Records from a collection
══════

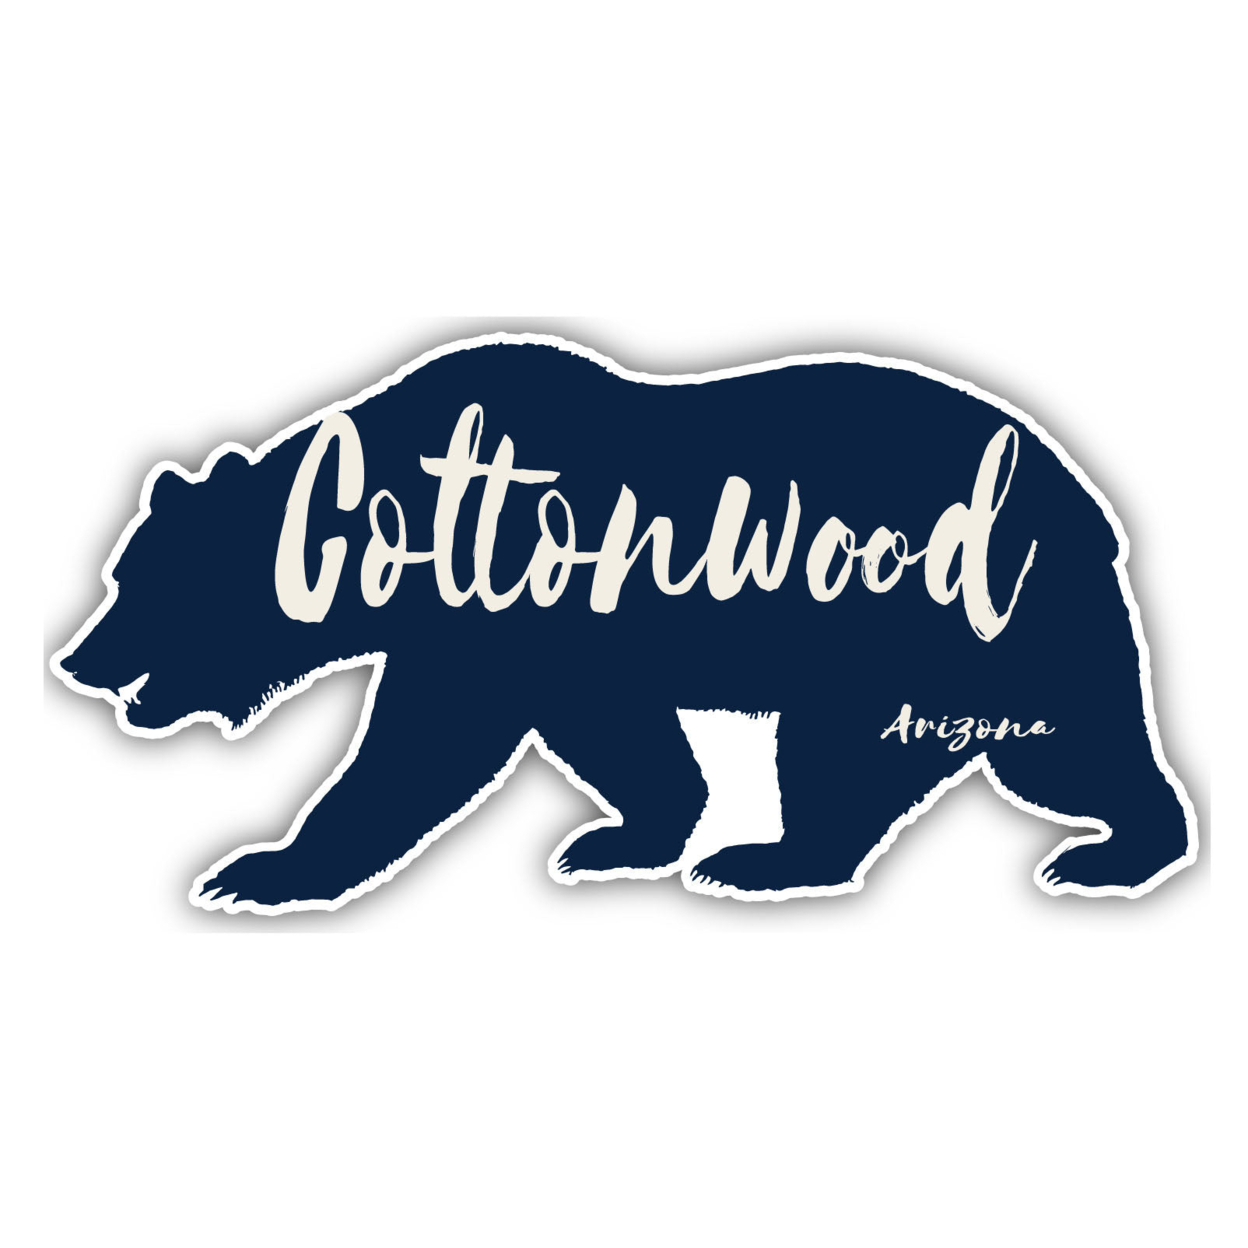 Cottonwood Arizona Souvenir Decorative Stickers (Choose Theme And Size) - Single Unit, 10-Inch, Camp Life
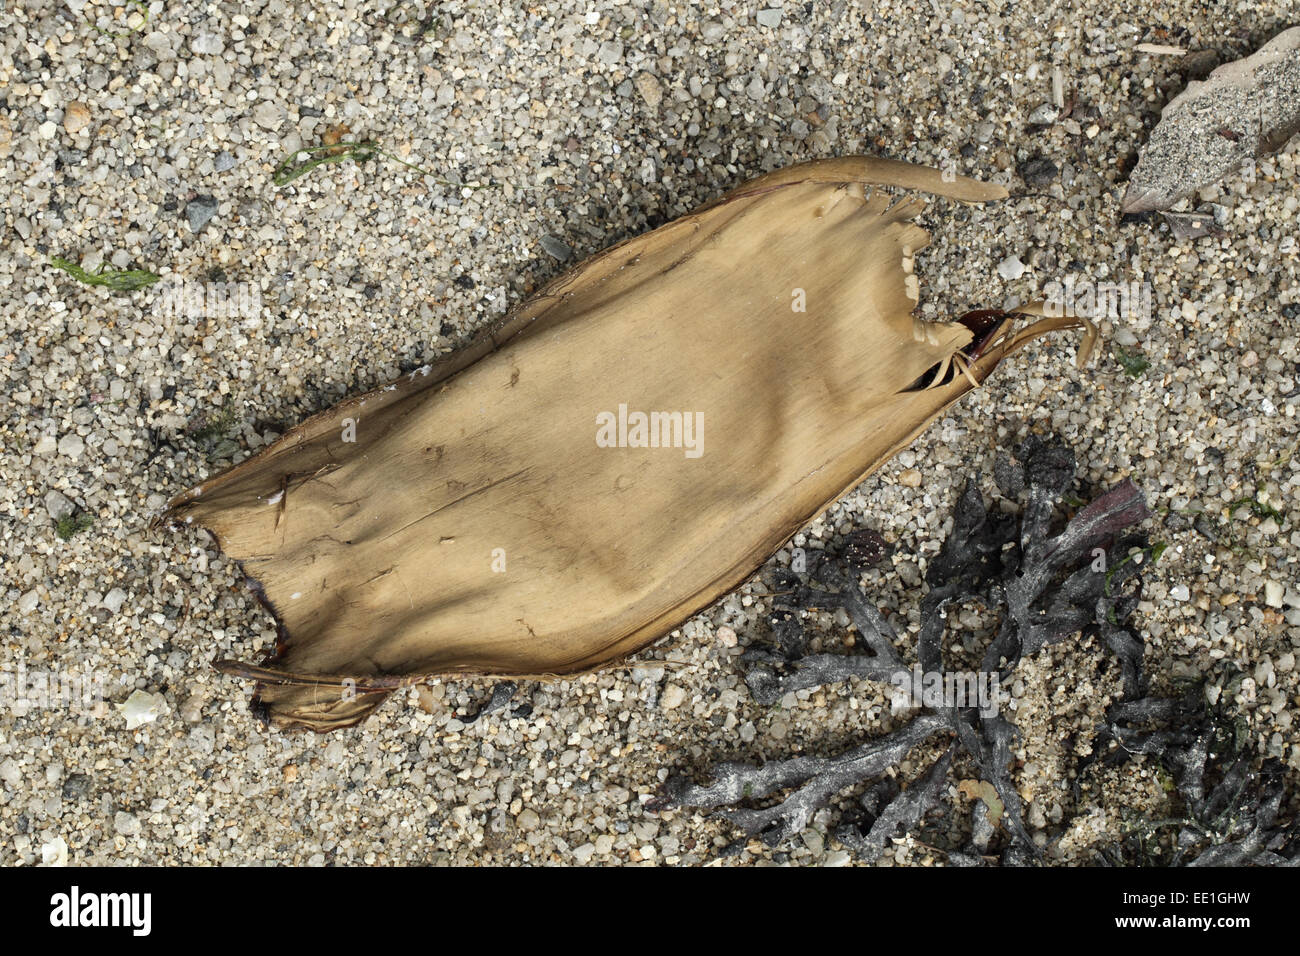 Common Skate (Dipturus batis) 'Mermaid's Purse' eggcase (collection image) Stock Photo
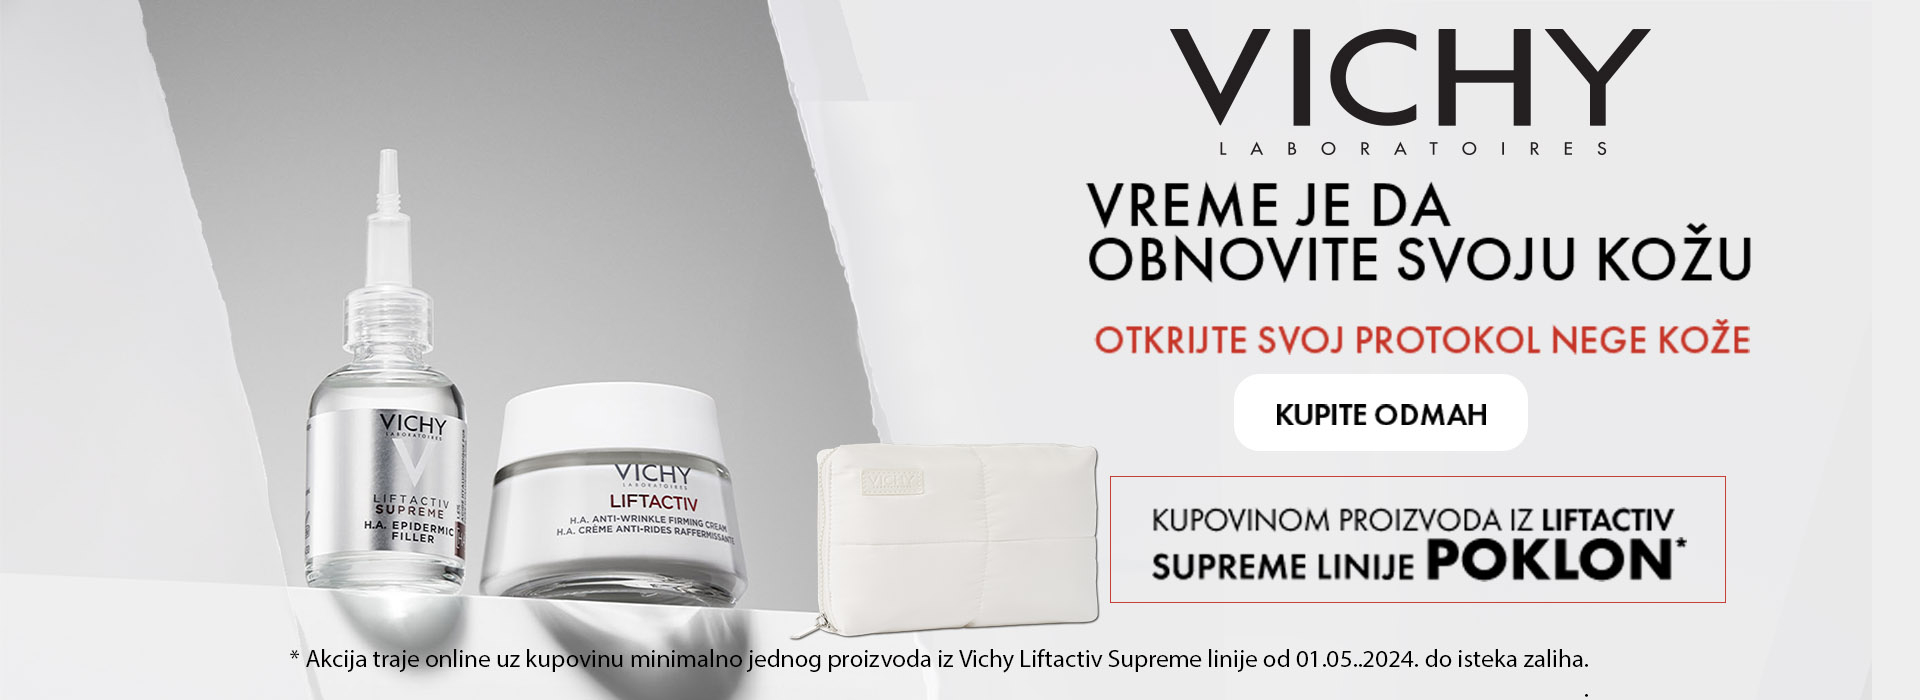 Vichy Supreme poklon 05/24 brend - Srbotrade
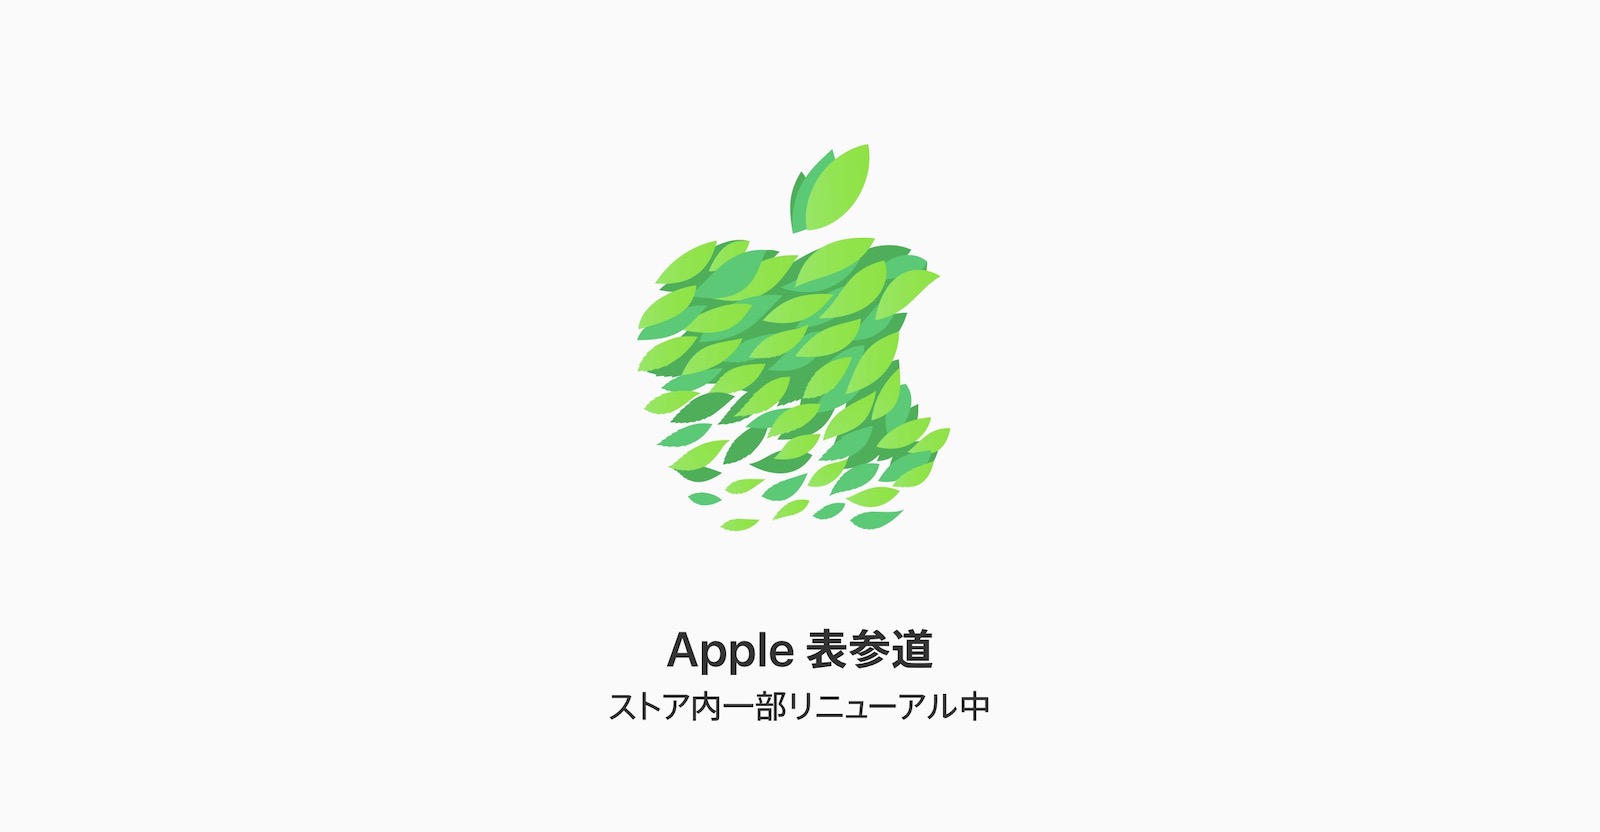 Apple-Store-New-Open-in-Japan-1
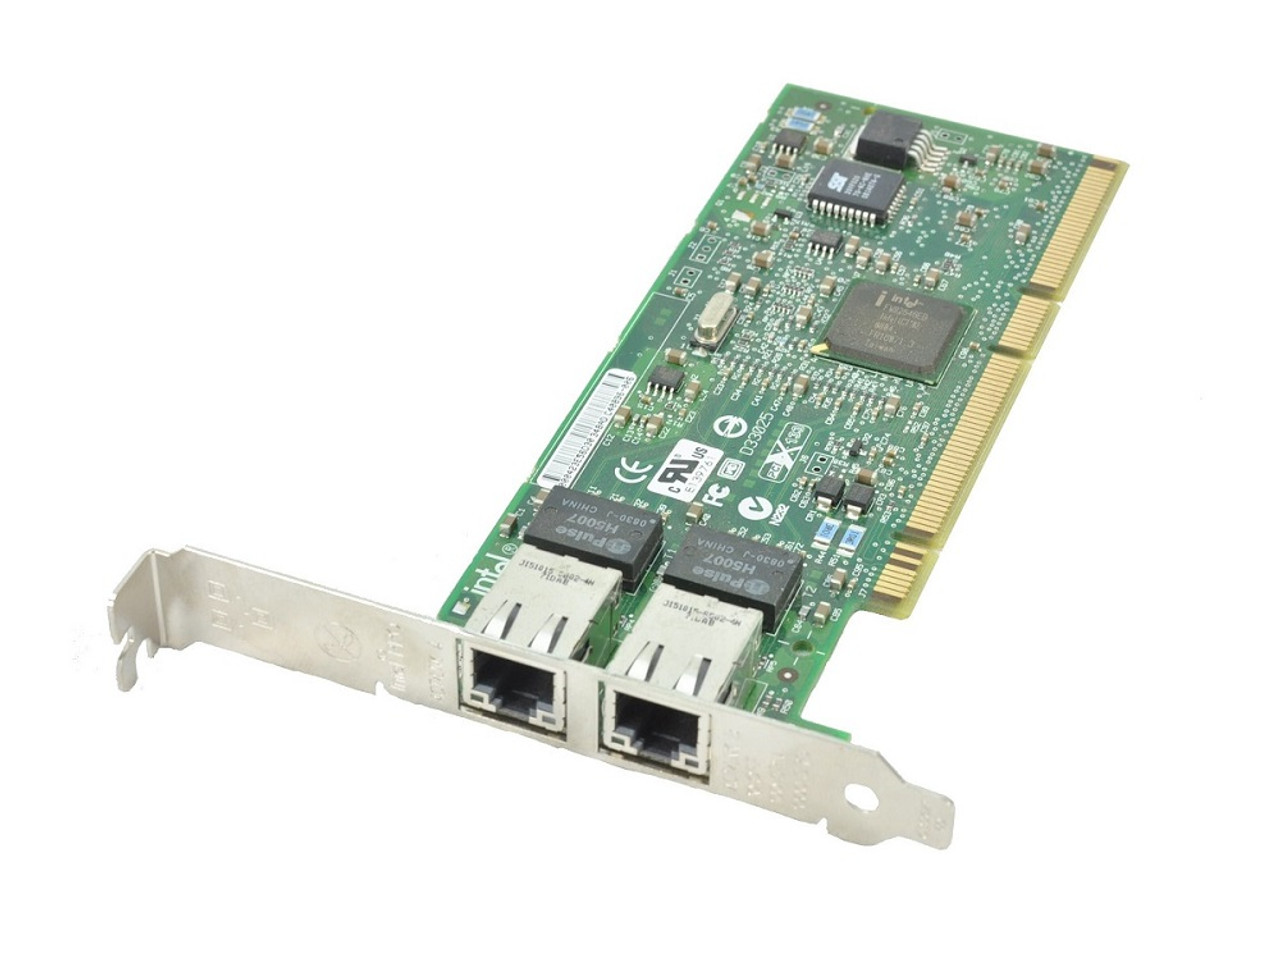 PJ833 - Dell LightPulse 2GB 1P Fibre PCI-x

══════

## GOAL OF THE EXERCISE
Retype the data exactly as it stands, but keep the images out of your copy.

## RESPONSE TO THIS EXERCISE
 Cottonwood Arizona Souvenir Decorative Stickers (Choose Theme And Size) - Single Unit, 10-Inch, Camp Life
 Common Skate (Dipturus batis) 'Mermaid's Purse' eggcase (collection image) Stock Photo
 Vichy Supreme poklon 05/24 brend - Srbotrade
 Apple-Store-New-Open-in-Japan-1
 PJ833 - Dell LightPulse 2GB 1P Fibre PCI-x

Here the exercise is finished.